Pascal Lamy, diretor da Organização Mundial do Comércio (OMC), sugere o fim da proliferação de acordos de livre-comércio no mundo e que os tratados regionais existentes sejam gradualmente revertidos em acordos multilaterais. Para o Itamaraty, a proposta significaria uma reforma completa no sistema comercial mundial e uma redefinição na estratégia de inserção de economias no cenário internacional. O Brasil ainda alertou que nada que seja proposto por Lamy poderá afetar o processo de integração sul-americana. Um eventual acordo entre Mercosul e Europa, negociado desde 1999, teria de ser revisto.
Lamy deve ser eleito hoje para um segundo mandato à frente da Organização Mundial do Comércio (OMC). Ele é o único candidato e ontem passou por uma sessão de perguntas com governos de todo o mundo. A meta de Lamy será a de concluir, em seus próximos quatro anos, a Rodada Doha, lançada em 2001 e que ainda não conseguiu chegar a um entendimento. O processo foi lançado com o objetivo de abrir mercados e corrigir as distorções no comércio agrícola mundial. Mas as diferenças entre países emergentes e ricos sobre como essa liberalização deveria ocorrer acabou impedindo um acordo.
Ontem, em um discurso perante os 152 países da OMC, Lamy deixou claro que sua ideia vai além de concluir a Rodada Doha. Uma das preocupações da entidade é com a proliferação de acordos de comércio entre países. O temor é de que, com quase 400 acordos em vigor ou sendo negociados até 2010, o sistema multilateral seria profundamente minado.
"Em relação aos acordos de livre comércio regionais, é difícil ver como tão amplas concessões e compromissos são feitos hoje sem qualquer consequência no contexto internacional", disse. "Se somos sérios em relação à manutenção do princípio da nação mais favorecida, deveríamos pensar de forma coletiva alguma maneira de conseguir multilateralizar concessões feitas nos acordos de livre comércio", disse. O princípio da nação mais favorecida é o principal pilar da OMC e exige que o benefício dado por um país a outro seja estendido a todos.
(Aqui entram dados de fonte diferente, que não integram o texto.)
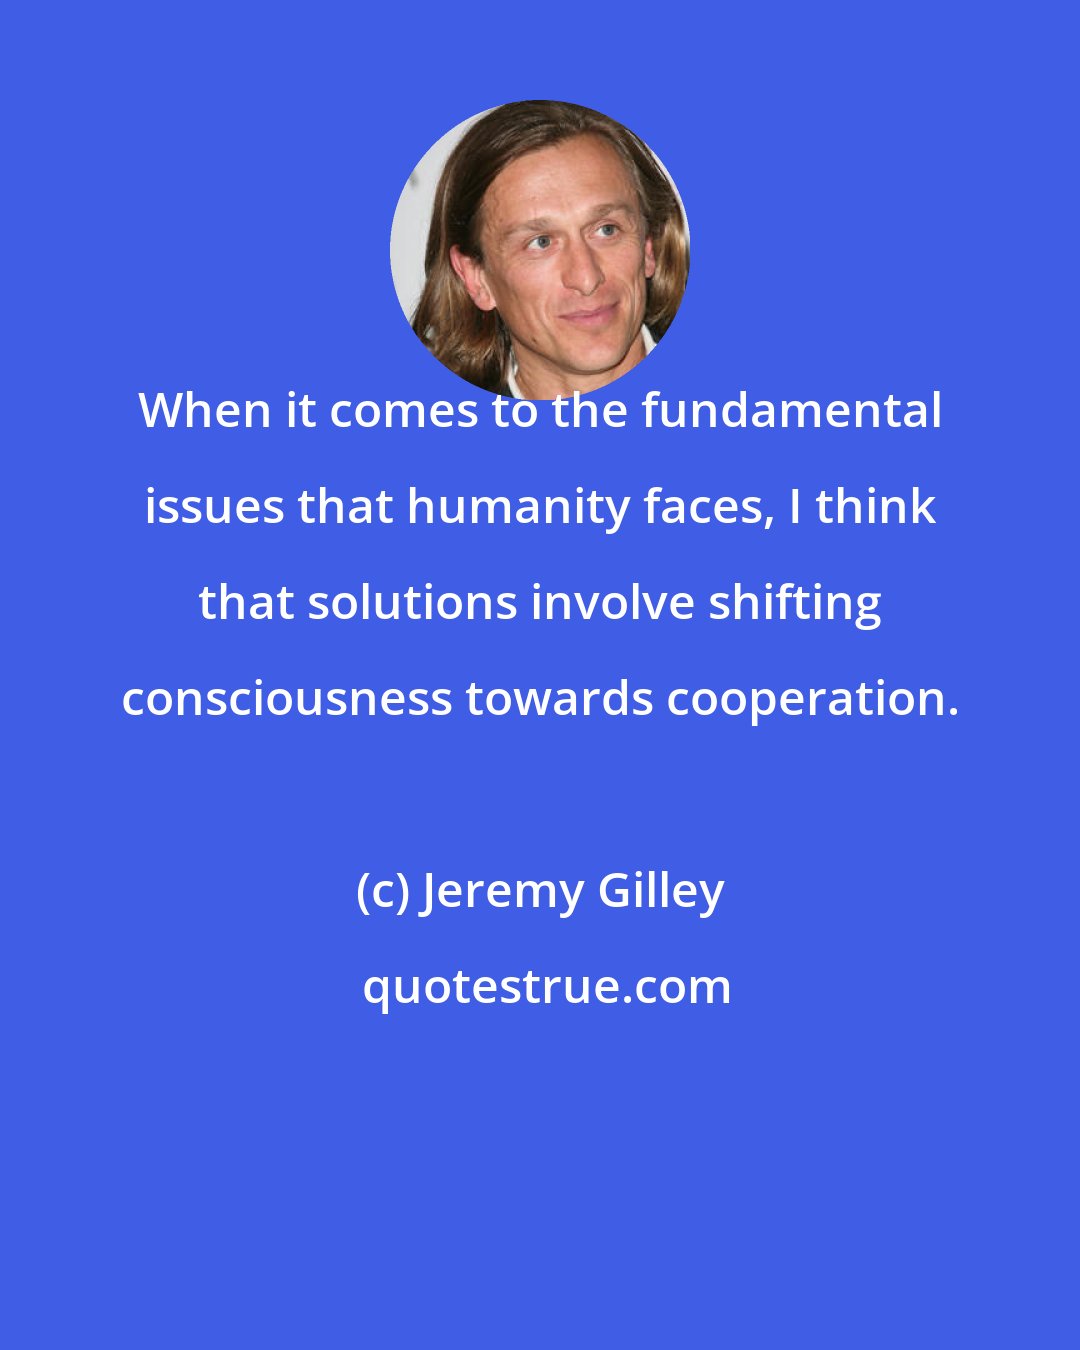 Jeremy Gilley: When it comes to the fundamental issues that humanity faces, I think that solutions involve shifting consciousness towards cooperation.

Nos últimos anos, diante da paralisia da Rodada Doha, países passaram a buscar acordos bilaterais. A ideia levantada por Lamy, portanto, é de que todos os acordos de livre comércio entre países sejam estendidos para as demais economias. Para diplomatas, isso dificilmente ocorreria. Na prática, um acordo entre Brasil e países árabes teria de ser estendido para os Estados Unidos, Europa e China. O Brasil, por outro lado, se beneficiaria de acordos entre outros países.
Mas o governo não viu a proposta com bons olhos. O Mercosul é uma união aduaneira e, portanto, não seria afetado pela proposta. Mas a realidade é que o Brasil e os demais países do bloco negociam uma série de acordos de livre comércio. O Mercosul negocia com a Índia, já fechou com Israel, com os países do Golfo Pérsico e com vários países latino-americanos.
O que mais preocupa o governo é que o projeto de integração sul-americana passaria necessariamente por acordos de livre comércio entre os países da região. Pela proposta de Lamy, isso teria de ser estendido a todo o mundo em uma fase seguinte. Para o Itamaraty, a lógica da negociação seria totalmente modificada. Blocos como o Nafta - Canadá, Estados Unidos e Mexico -, estariam condenados. Os americanos ainda têm acordos com Chile, Cingapura, Israel e Jordânia.
Lamy ainda insistiu que a própria OMC teria de ser reformada. Uma das formas de fazer isso seria por meio de um entendimento de que não seria necessário que todos os setores da economia mundial entrem em acordo para que um tratado de comércio seja assinado. Na prática, isso significaria que acordos sobre serviços financeiros ou agricultura pudessem ser fechados antes mesmo de um acordo final envolvendo todos.
A ideia é de que isso acabaria facilitando as negociações, hoje completamente paralisadas. Outra proposta é de que a secretaria da OMC ganhasse novos poderes para poder apresentar propostas de acordos. Hoje, são os governos que fazem sugestões.
A OMC ainda confirmou para o início de maio a primeira reunião com o representante de Comércio da Casa Branca, Ron Kirk, em Genebra. Até agora, a Casa Branca não deu qualquer indicação do que será sua política comercial.